Monday, December 09, 2013

Feeding hungry children at Christmastime

Moving pallet of food into pantry.
PANAMA CITY BEACH — I was touring The Ark recently, talking to director Bobbie Brigman and her husband Ric about activities and programs for seniors and winter visitors, when I met a young man named Jason.

He was volunteering in a food bank housed beside the worship sanctuary on the Ark’s campus; Jason’s family was staying in emergency housing on the campus until they could get back on their feet, and he was stocking the Food4Kidz pantry with items delivered that morning.

At another point during our interview, Ric’s phone rang and a hesitant female voice on the line asked if this was the place where she could get food for her family. His answer was, “Yes.”

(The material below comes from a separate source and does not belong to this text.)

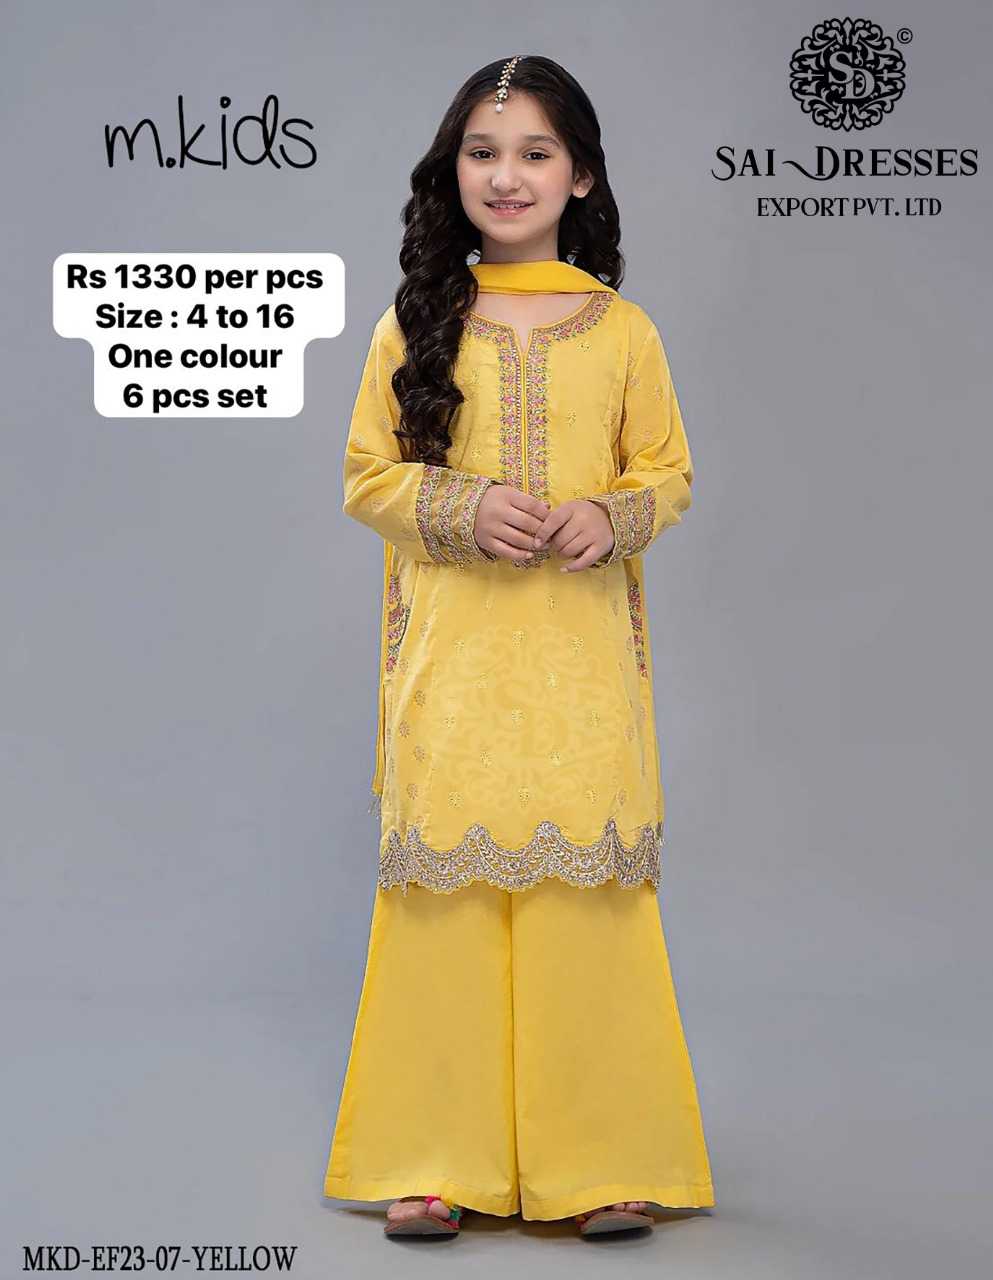 SAI DRESSES PRESENT D.NO 41 READY TO PARTY WEAR GHARARA STYLE DESIGNER PAKISTANI KIDS COMBO SUITS IN WHOLESALE RATE IN SURAT
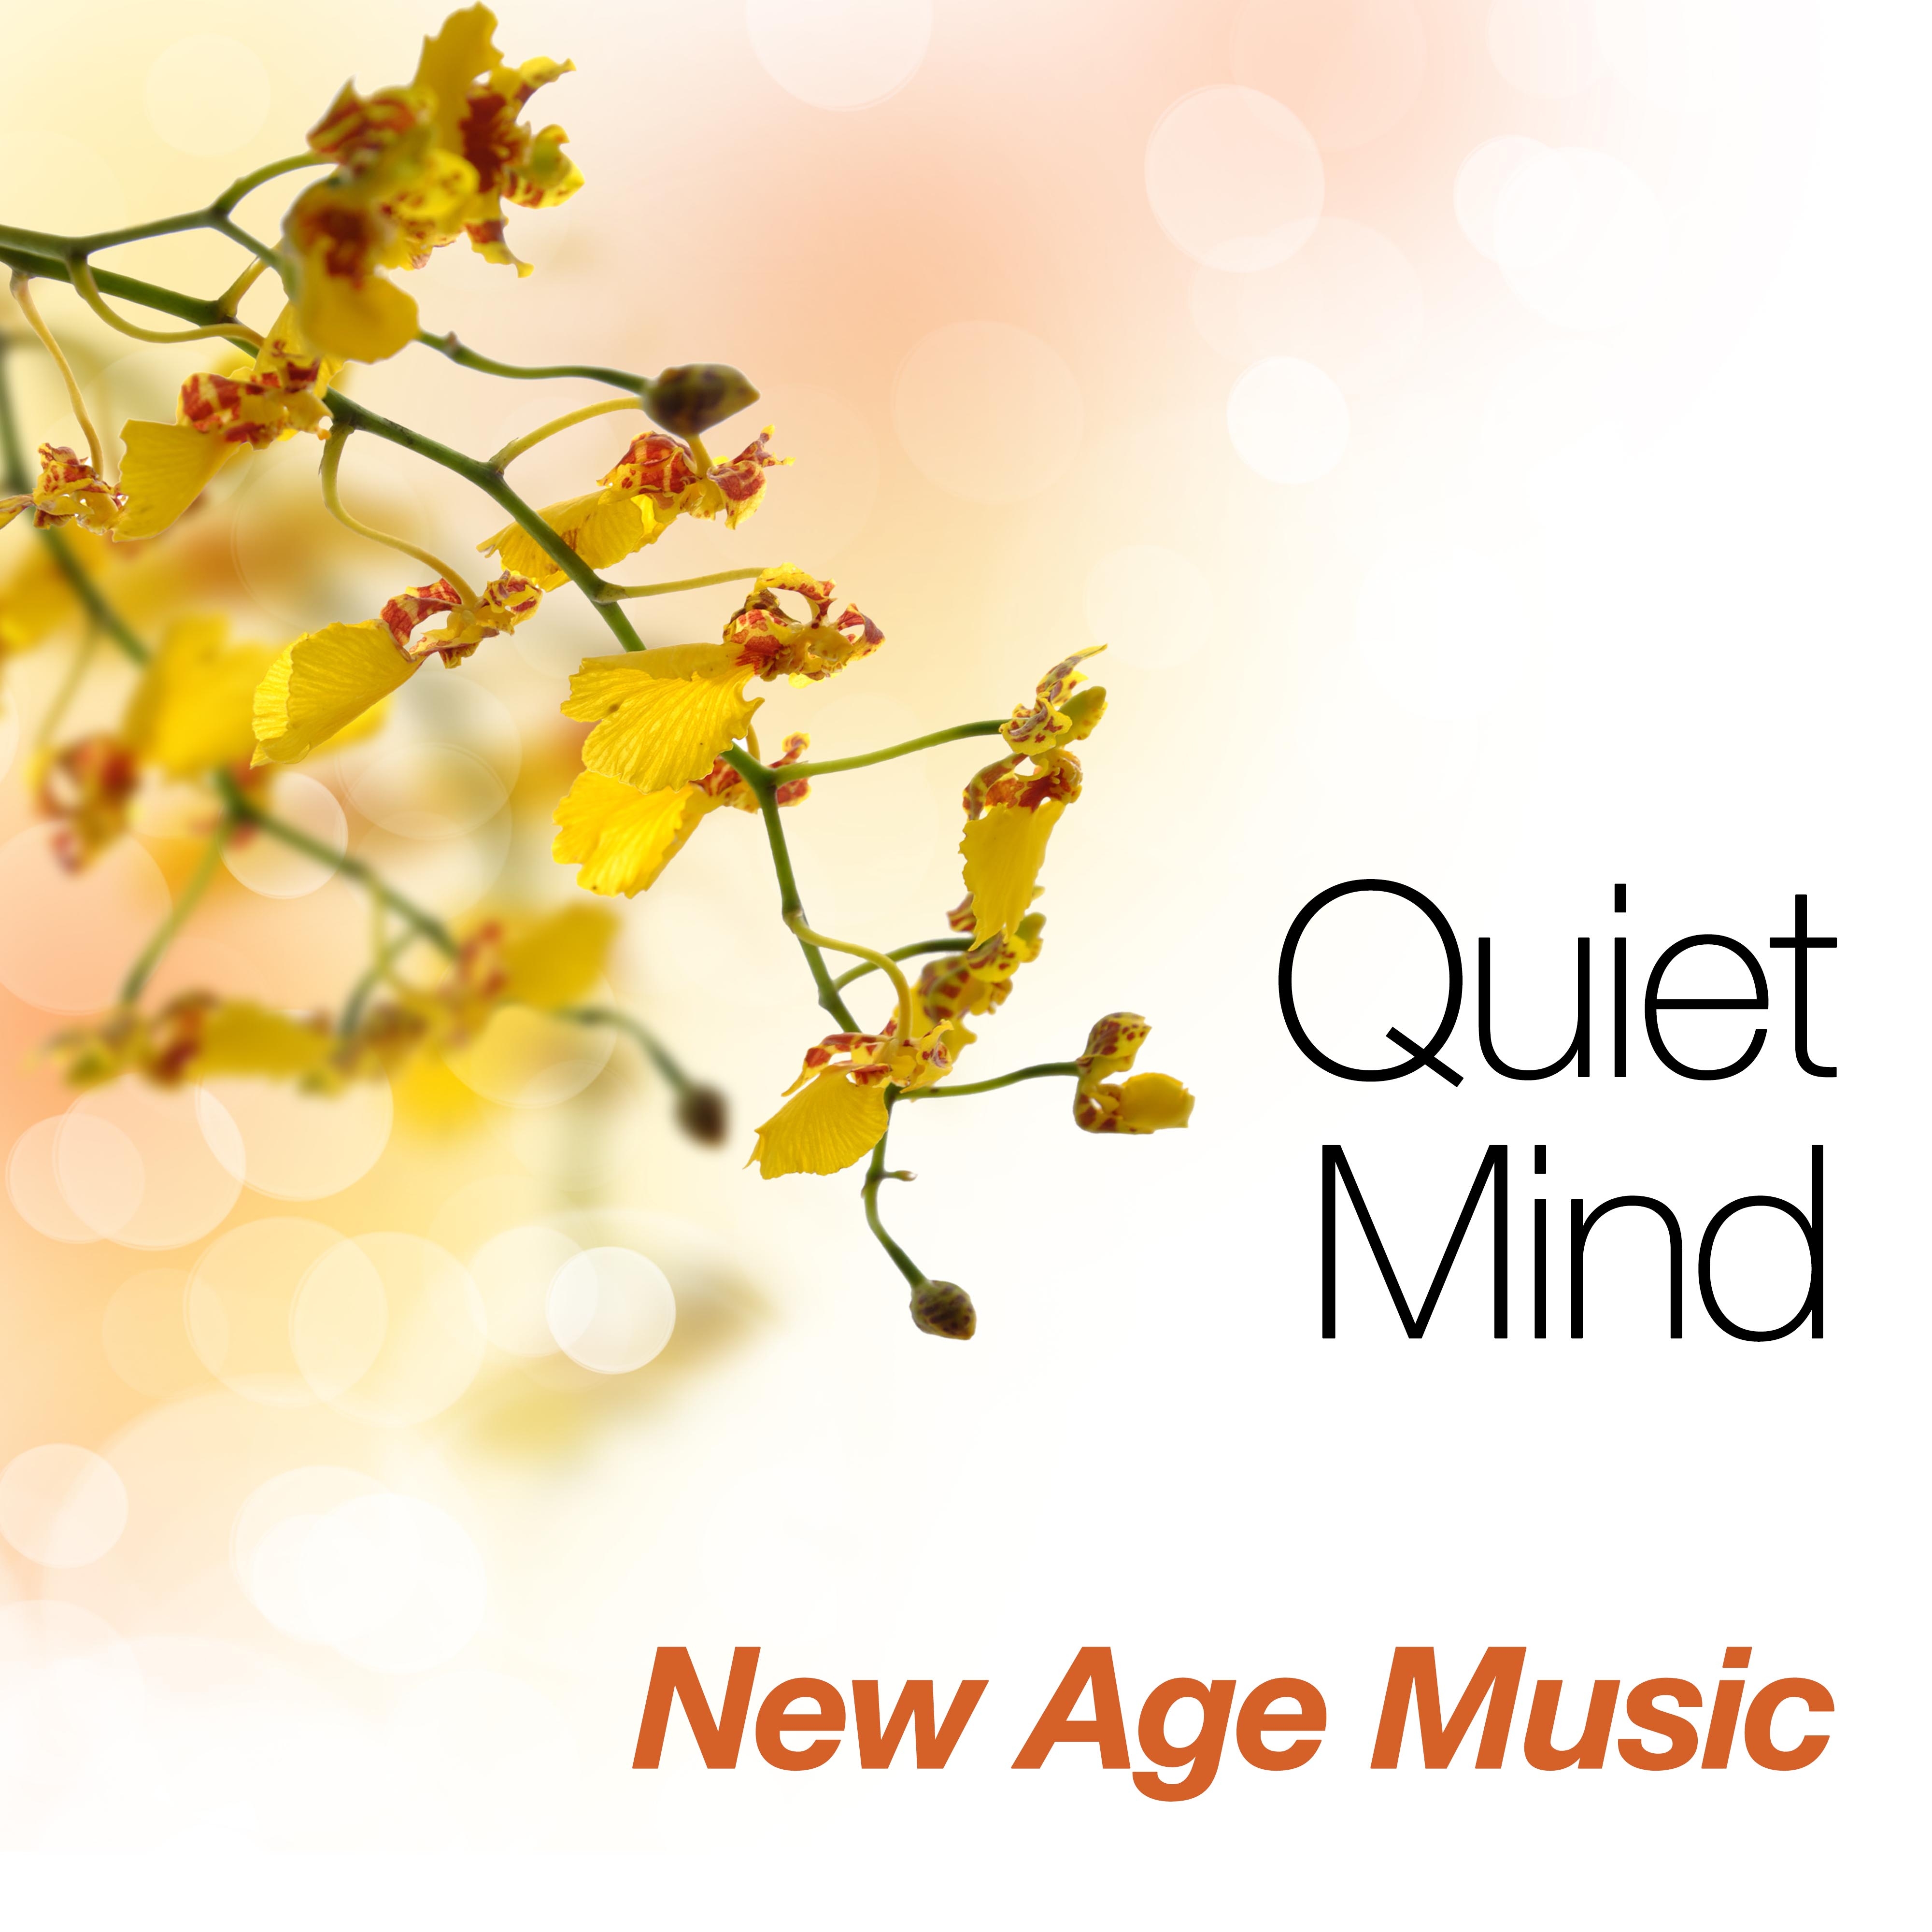 Quiet Mind: New Age Music for Tai Chi, Qigong, Reiki and Yoga for your Inner Peace with Special Sounds of Nature like Rain and Ocean Waves

“People are treated with respect and dignity here,” said Ric, a member of the Ark’s board, worship leader at the on-site church, and director of Food4Kidz, the pantry program housed at the Ark. “They call, make appointments to pick up food. There’s never a line here. Some of them I’ll see once, some I see every couple of months.”

The general policy is to feed a family once a month, but exceptions have been made in extreme circumstances, he said. For more information, call 249-KIDZ (5439), or visit Food4Kidz.org or Facebook.com/Food4Kidz online.

Food4Kidz is a local non-profit associated with the Feeding America program, receives supplies from the Bay Area Food Bank, and has been supported in its efforts by a grant from the St. Joe Community Foundation that purchased a van for the organization via Bill Cramer Chevrolet. Each month, Food4Kidz moves four or five tons of food — frozen, dry goods, canned items, pastries and more — and they feed hundreds of families.

“Some families are still trying to get on their feet after being decimated by the BP oil spill,” Ric said. “The family business is gone, their life savings is gone.”

The demand for help has doubled since last year, Bobbie said, and Ric added that the causes for that are difficult to pin down: Unemployment because of the end of tourist season jobs, general longterm under-employment, grandparents raising grandkids, or just because awareness of the program has grown.

On the two days prior to my visit, the pantry had served 11 families per day. In the worship center, I read notes left by parents and children who had picked up food there.

“Yesterday I had to decide between antibiotics that cost $80 or groceries,” wrote Paula, the mother of a 10-year-old son with health problems. “Of course I chose my son’s antibiotics. I wasn’t sure what I would do for food. I guess the lesson is to have faith.”

Ric stood at my shoulder, reading the note as I did. “That’s when we feel like we’re doing what we’re called to do,” he said.